We identified proteins with significantly more substitutions with binomial tests (p = average percent of substitutions in all proteins, m = number of substitutions in a protein, N = length of a protein) followed by False Discovery Rate (FDR) tests . We considered proteins with Q-values (maximal FDR level) smaller than 0.1 to be significantly enriched in substitutions. We excluded the regions that were predicted to be structurally disordered and performed similar tests. Enriched GO terms associated with these substitution-enriched proteins were identified with another binomial test (P = probability of this GO-term being associated with any protein, m = number of substitution-enriched proteins associated with this GO-term, N = number of substitution-enriched proteins). The significantly enriched GO terms were submitted to the REVIGO  web server to cluster similar GO terms and visualize them.
Phylogenetic tree reconstruction
We performed the phylogenetic analysis based on the 2940 universal single-copy orthologs in the Lepidoptera genomes (Lac, Bmo, Pxy, Dpl, Hme, Mci, and Pgl) detected by OrthoMCL. We built alignment for each orthologous group using both global sequence aligner MAFFT and local sequence aligner BLASTP. 570,686 positions that were consistently aligned by both aligners were extracted. All the alignments were concatenated and the aligned positions were randomly divided to 100 groups, so that each group contained about 5,706 or 5,707 aligned positions. We repeated this procedure 10 times to obtain a total of 1,000 representative alignments for phylogenetic analysis. In addition, the 1,991 alignments of individual orthologous groups containing more than 100 aligned positions were used as a separate data set in the phylogenetic analysis.

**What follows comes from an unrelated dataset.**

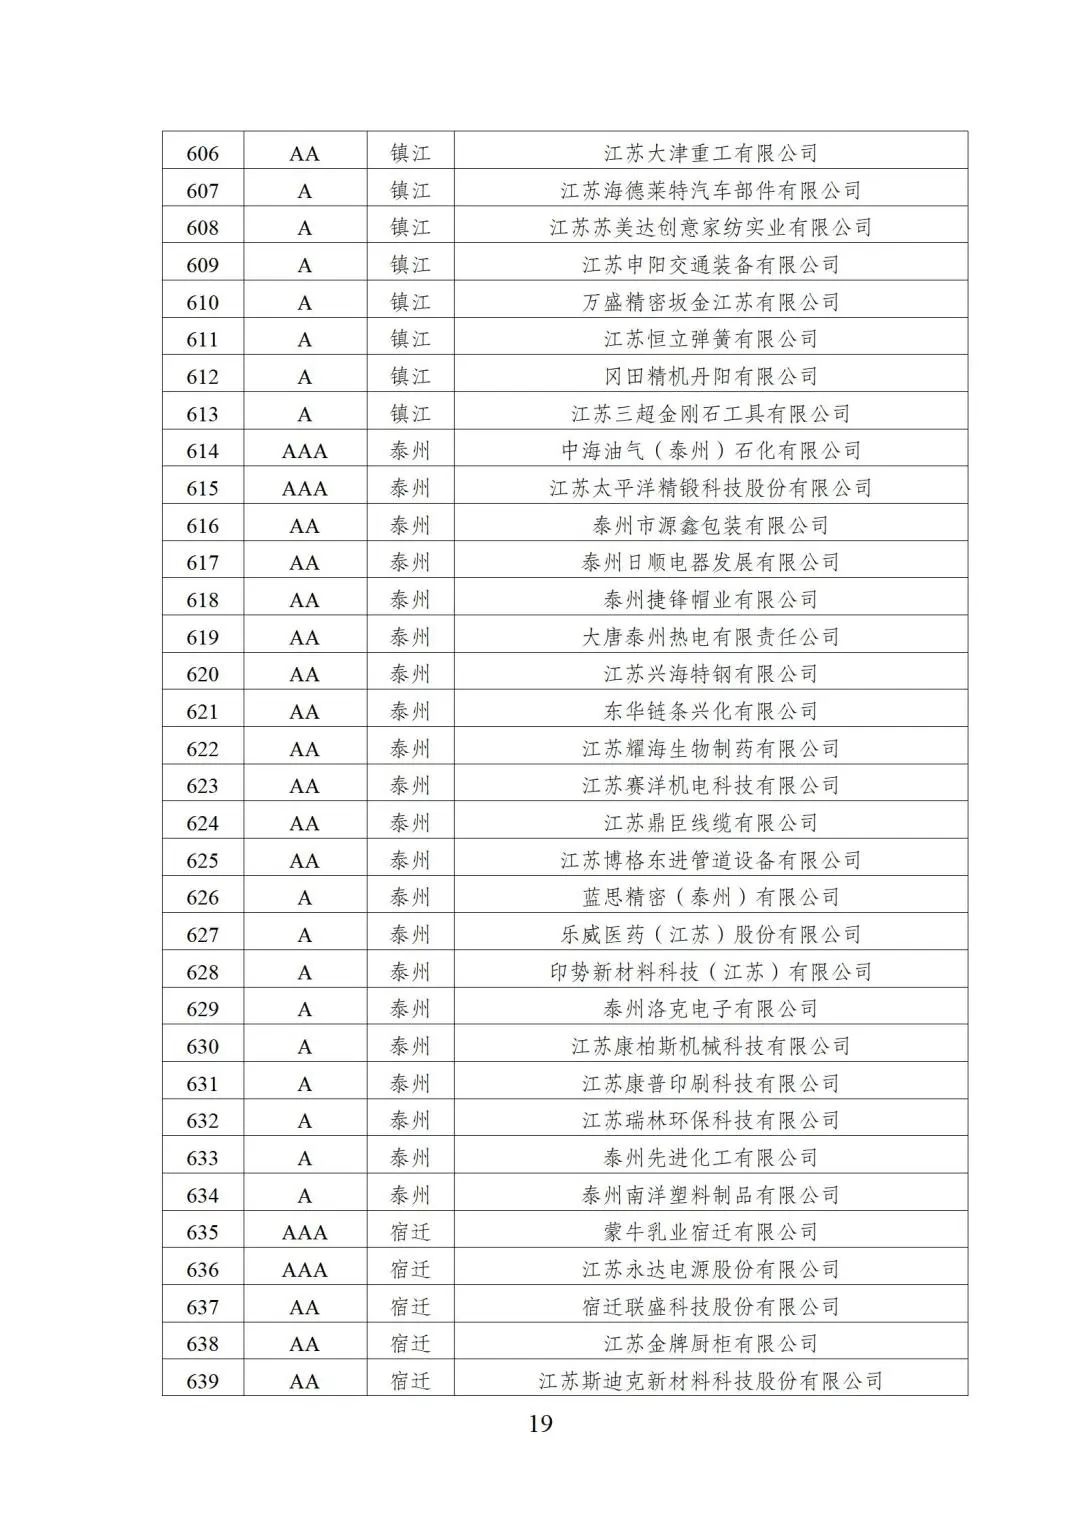 2022年江苏省两化融合管理体系贯标示范企业培育对象名单19.jpg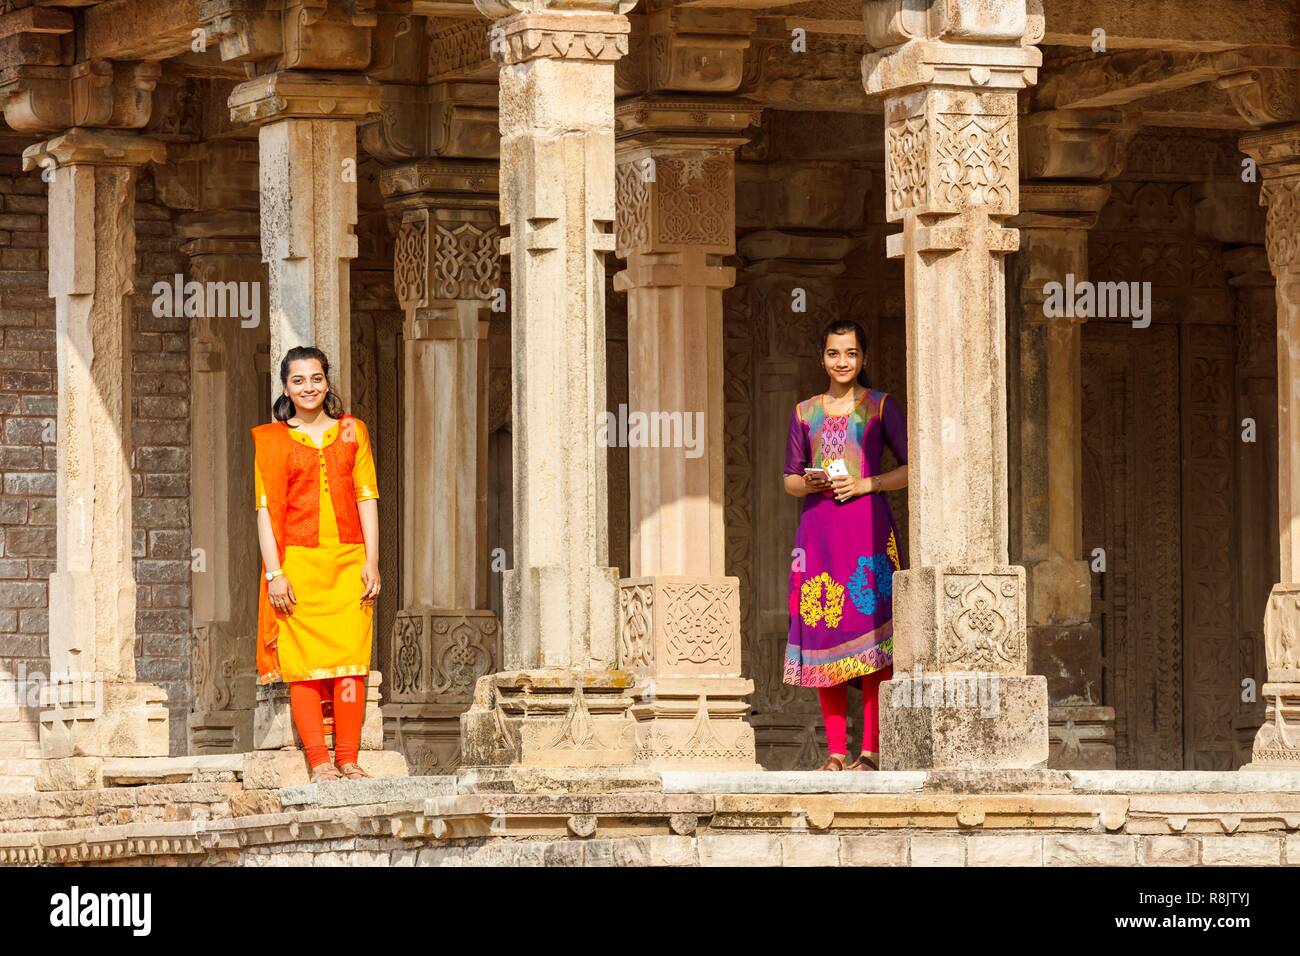 India, Madhya Pradesh, Chanderi, two girls in the Khilji mosque Stock Photo

We used two methods for phylogenetic analysis: a maximum likelihood method RAxML, in which the evolutionary model is automatically selected by the program based on the data and a Bayesian inference method PhyloBayes  with CAT model that divide sites into categories and account for site-heterogeneities . In addition to allowing the program to search for the best tree topologies, we constrained the Bayesian analysis to two previously observed topologies: (((((Mci, Hme), Dpl), Lac), Pgl), Bmo, Pxy) and (((((Mci, Hme), Dpl), Pgl), Lac), Bmo, Pxy). We compared the posterior probabilities given the two topologies imposed as priors to select the tree topology that is better supported by the data.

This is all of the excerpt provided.